(Items from a data source)

++++++++

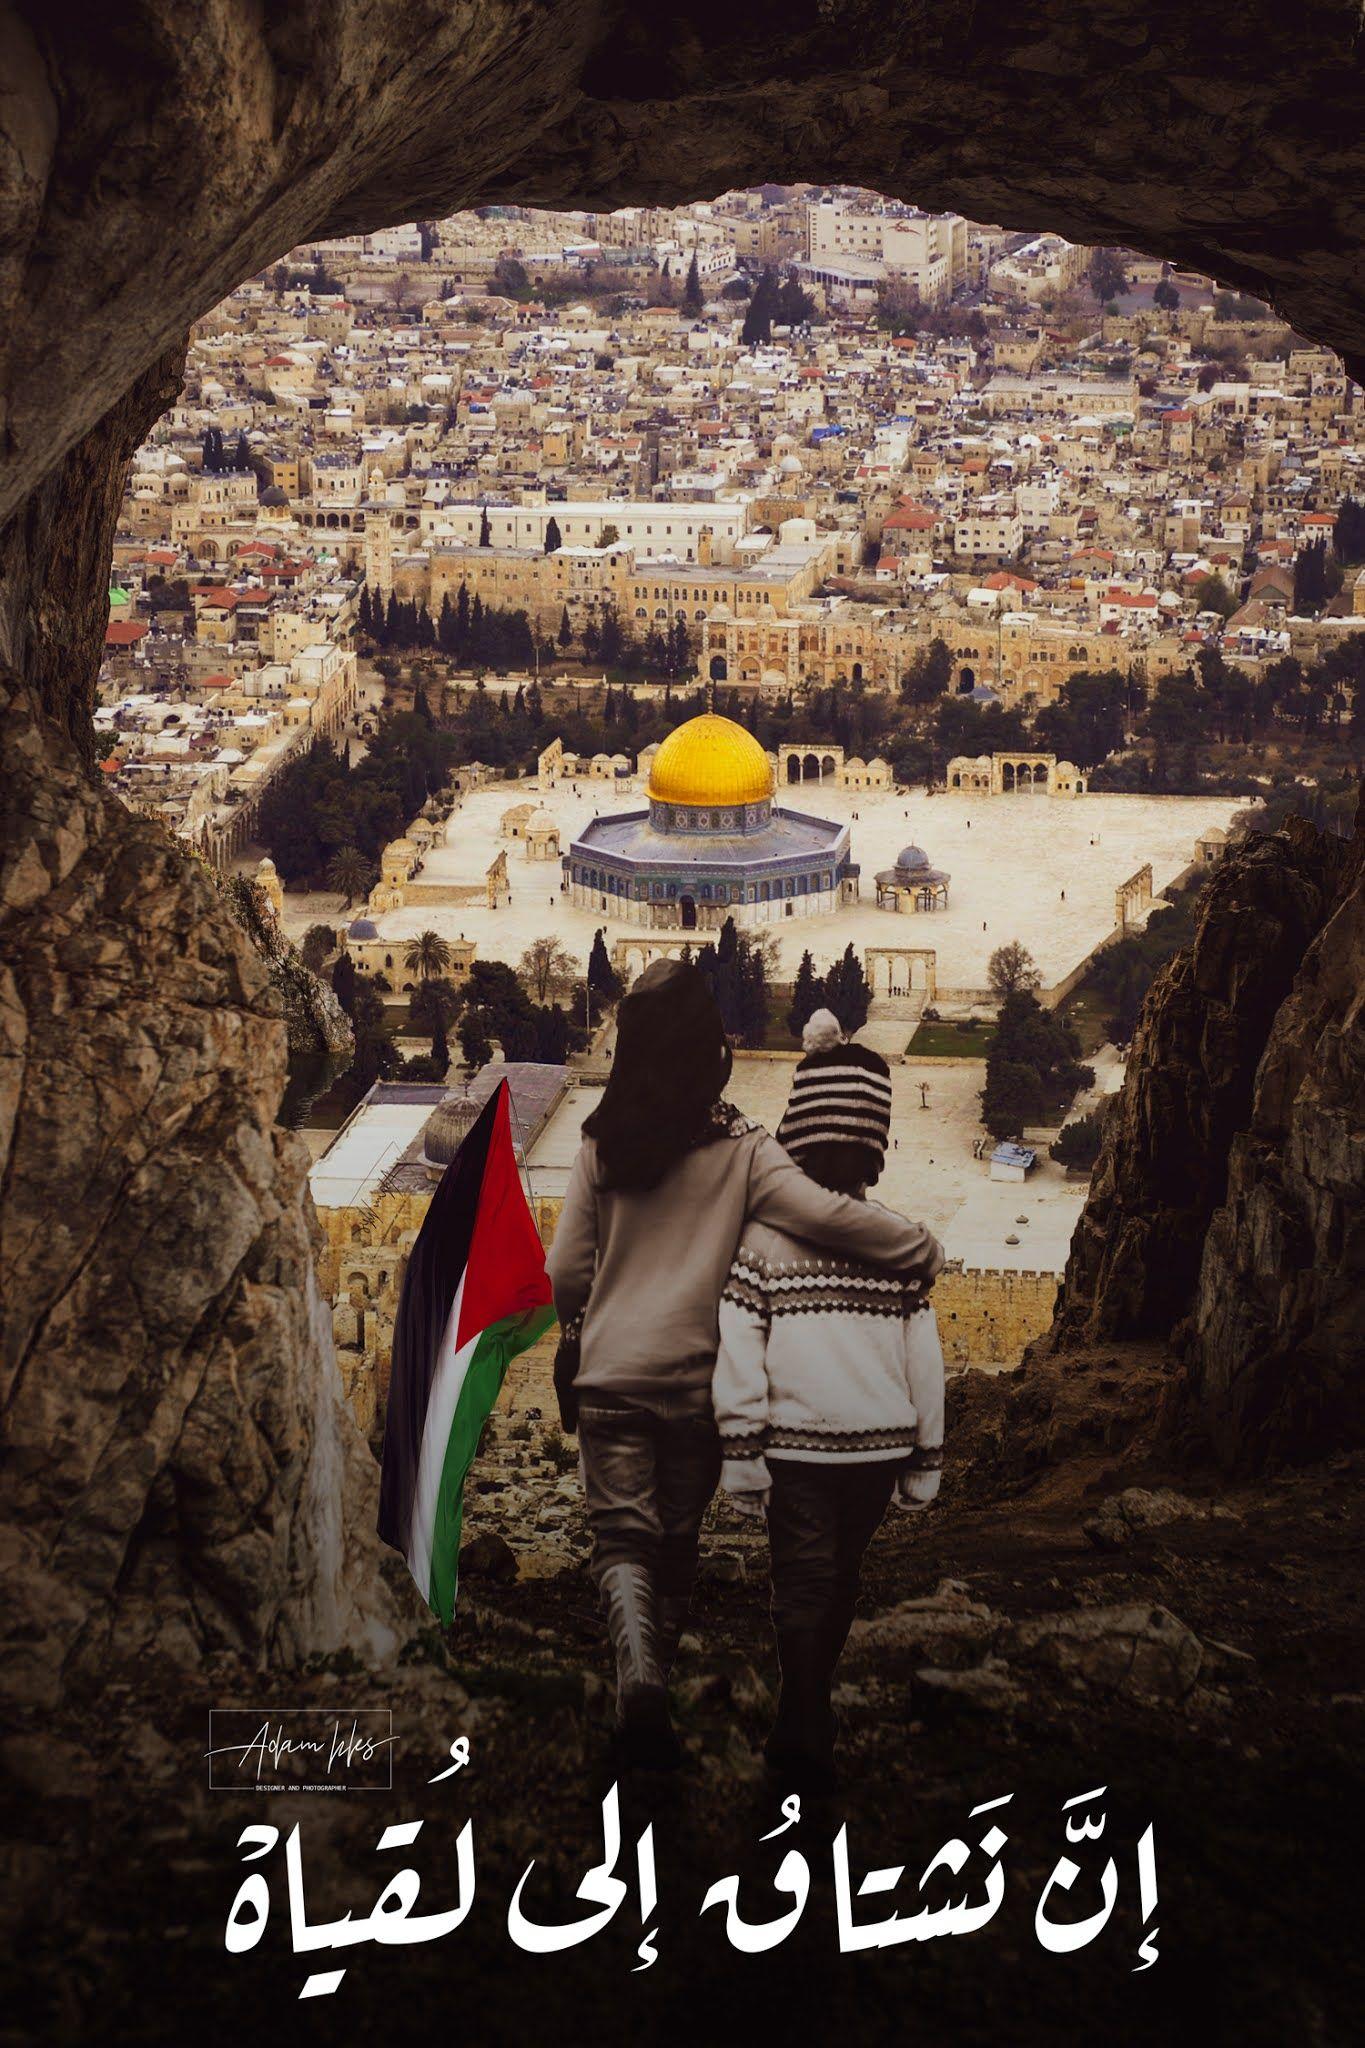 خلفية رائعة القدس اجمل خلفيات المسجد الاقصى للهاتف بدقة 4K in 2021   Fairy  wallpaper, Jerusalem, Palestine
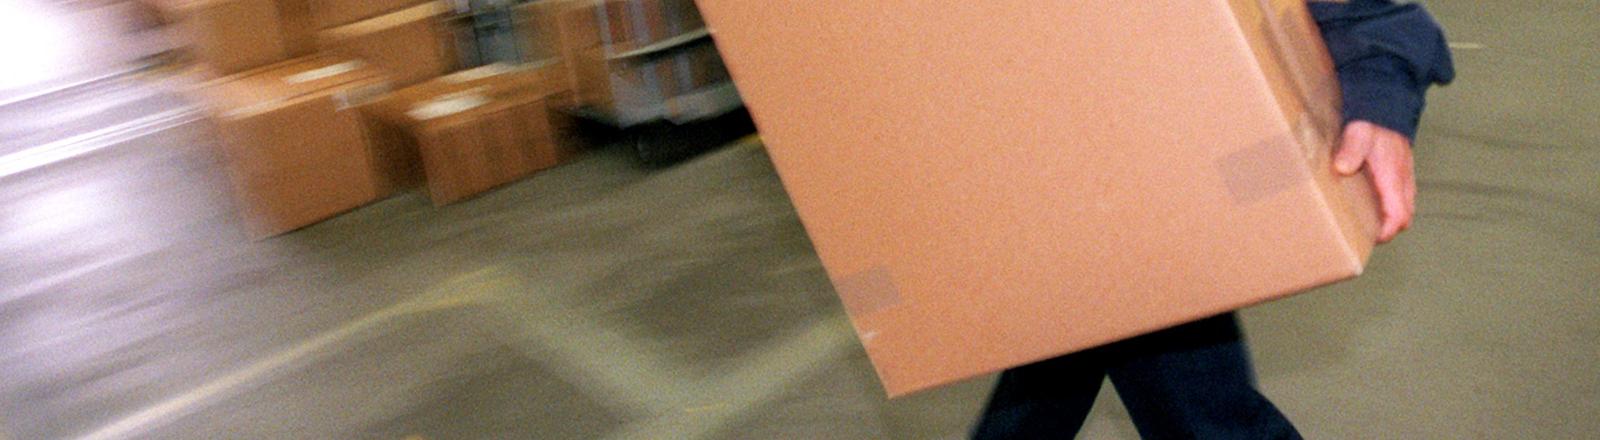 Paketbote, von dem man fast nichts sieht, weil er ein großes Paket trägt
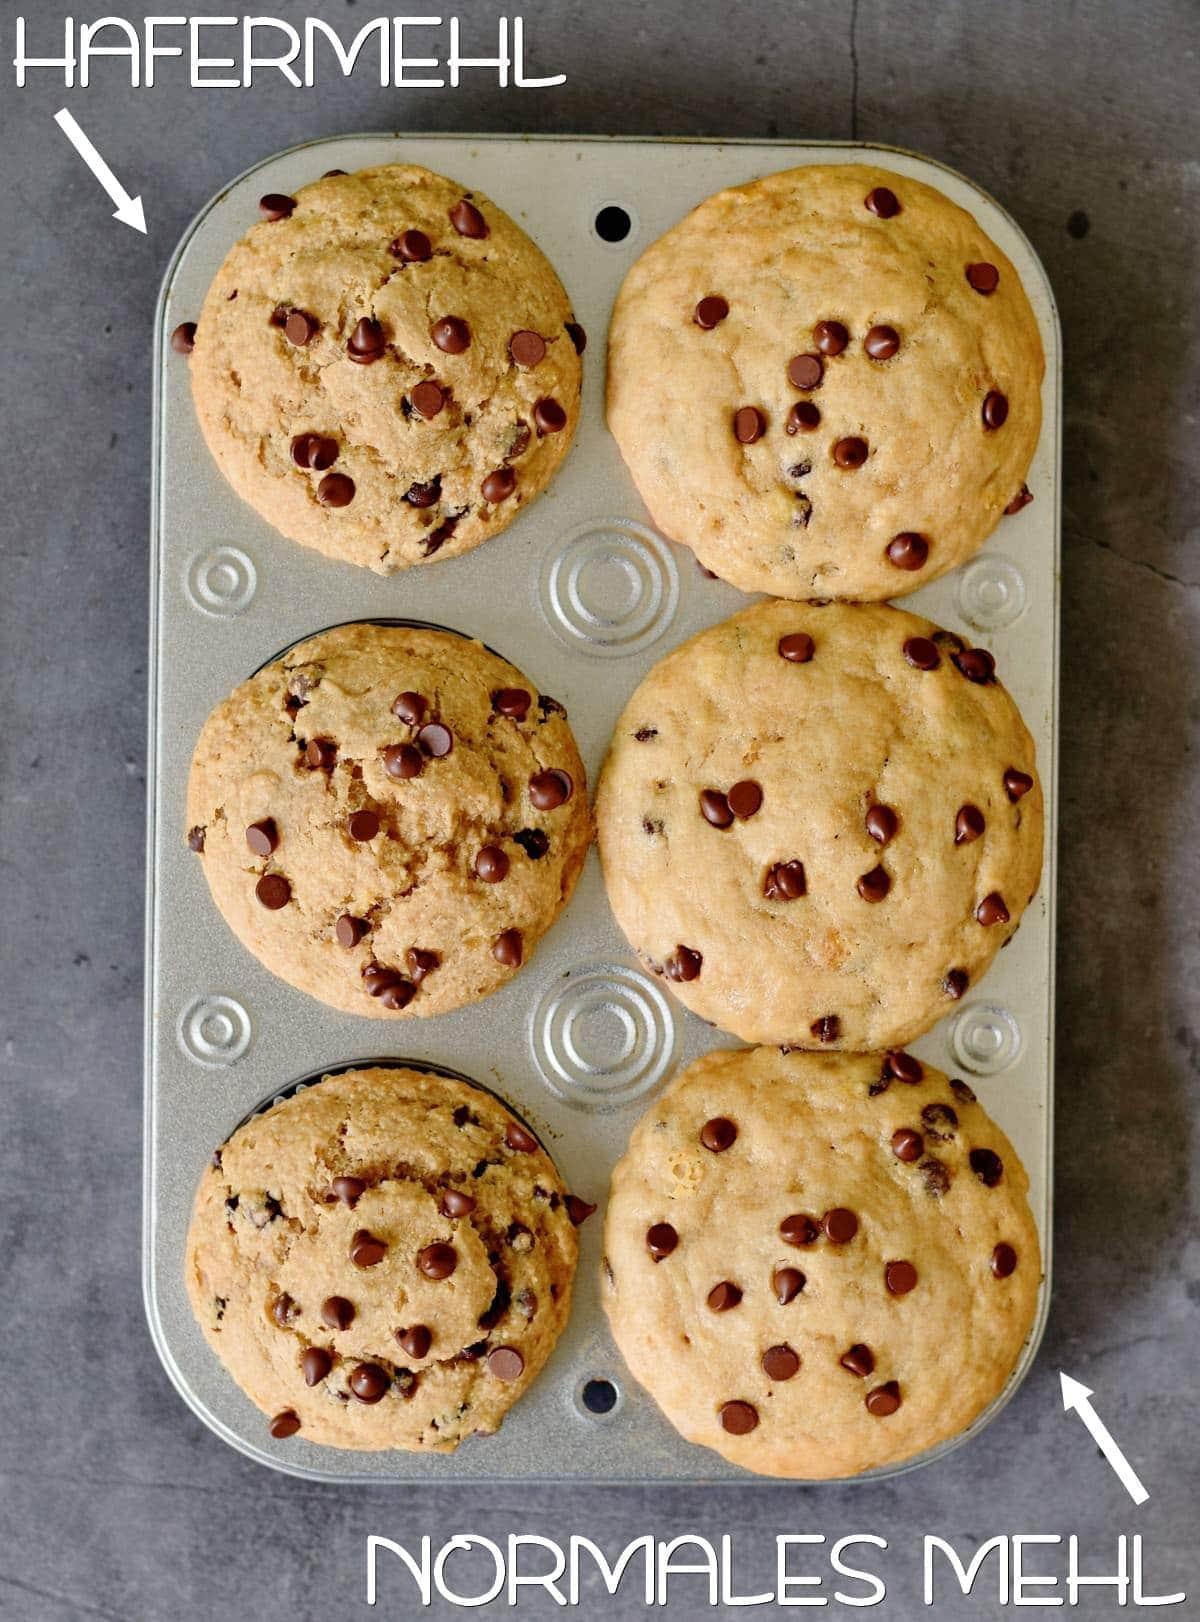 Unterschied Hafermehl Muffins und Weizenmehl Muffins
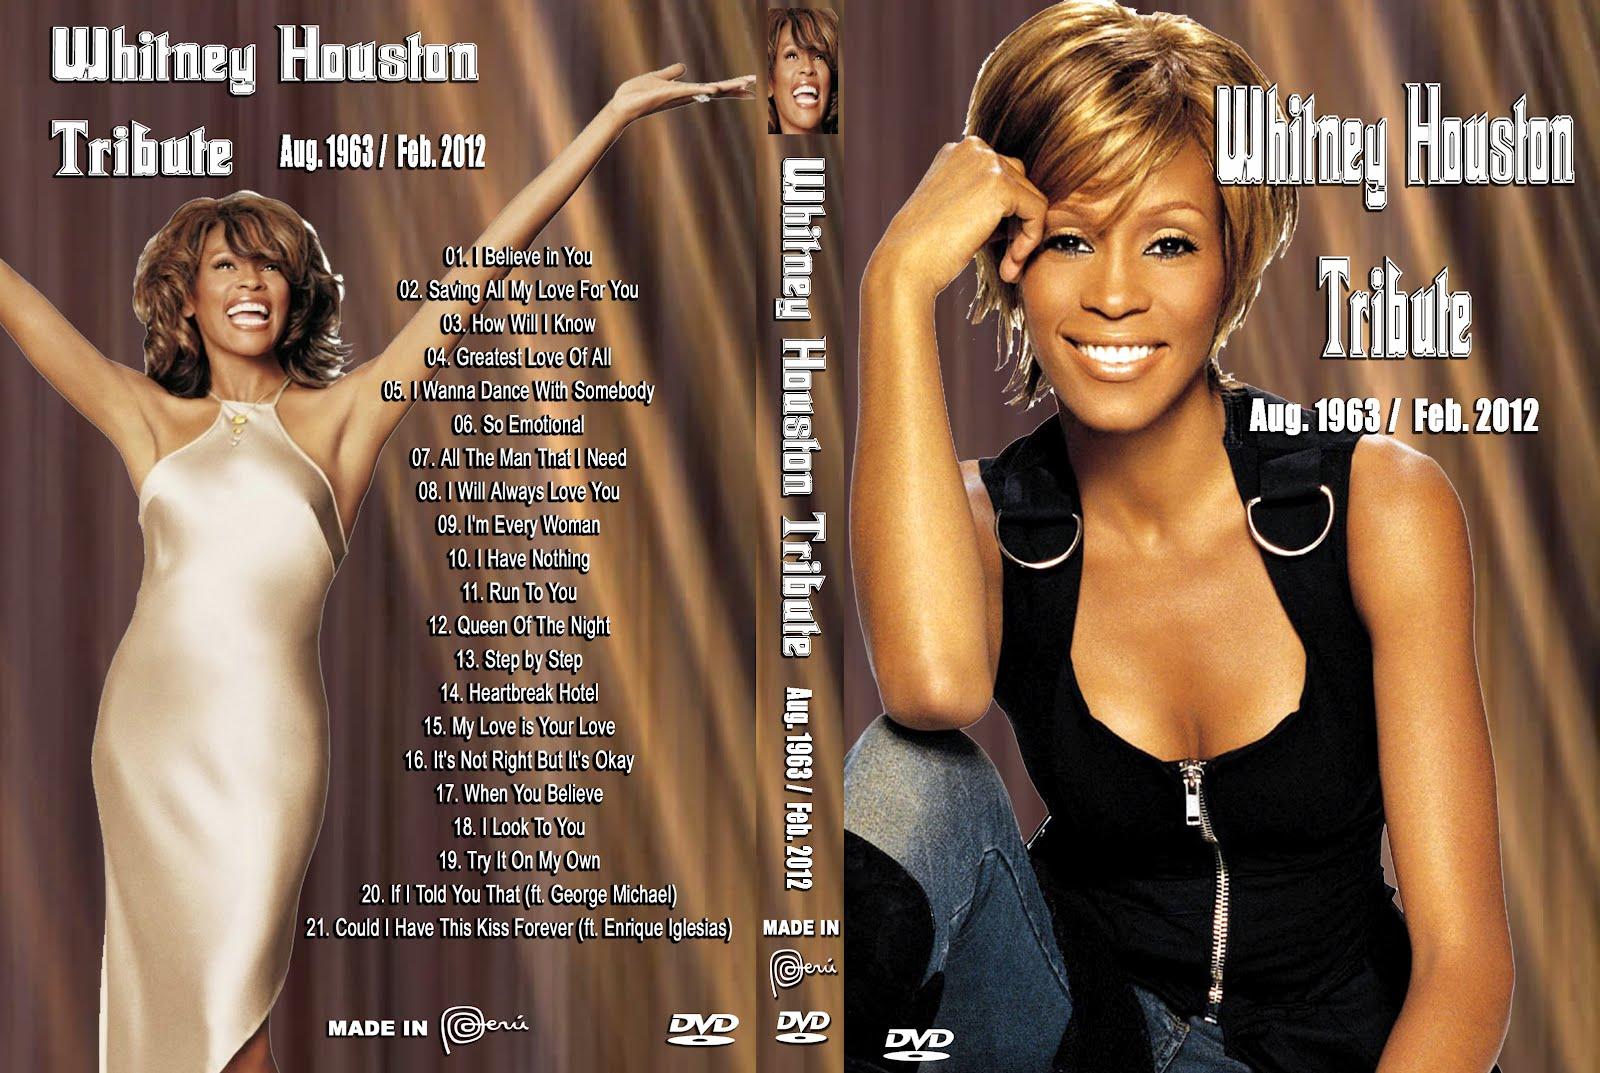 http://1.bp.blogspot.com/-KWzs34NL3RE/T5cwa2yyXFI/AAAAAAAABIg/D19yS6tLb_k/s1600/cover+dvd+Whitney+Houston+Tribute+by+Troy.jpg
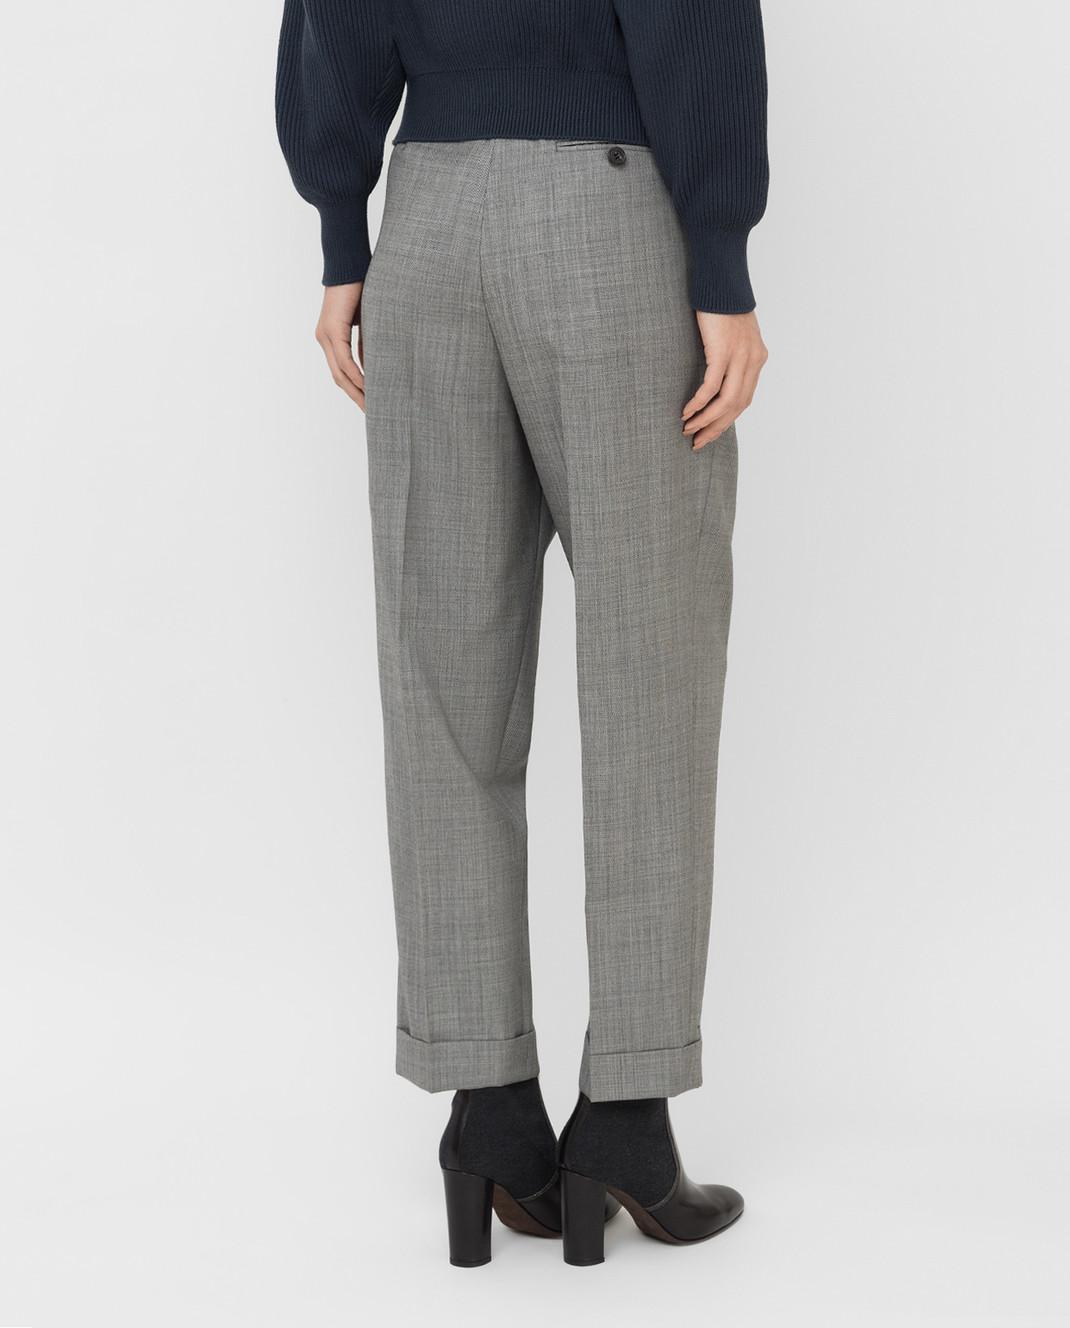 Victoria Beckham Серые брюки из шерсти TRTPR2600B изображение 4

++++++++

• TASK STATEMENT:
Output the records exactly, pictures excluded.

• ANSWER SECTION:
 خلفية رائعة القدس اجمل خلفيات المسجد الاقصى للهاتف بدقة 4K in 2021   Fairy  wallpaper, Jerusalem, Palestine
 Paketbote, von dem man fast nichts sieht, weil er ein großes Paket trägt
 Unterschied Hafermehl Muffins und Weizenmehl Muffins
 http://1.bp.blogspot.com/-KWzs34NL3RE/T5cwa2yyXFI/AAAAAAAABIg/D19yS6tLb_k/s1600/cover+dvd+Whitney+Houston+Tribute+by+Troy.jpg
 Victoria Beckham Серые брюки из шерсти TRTPR2600B изображение 4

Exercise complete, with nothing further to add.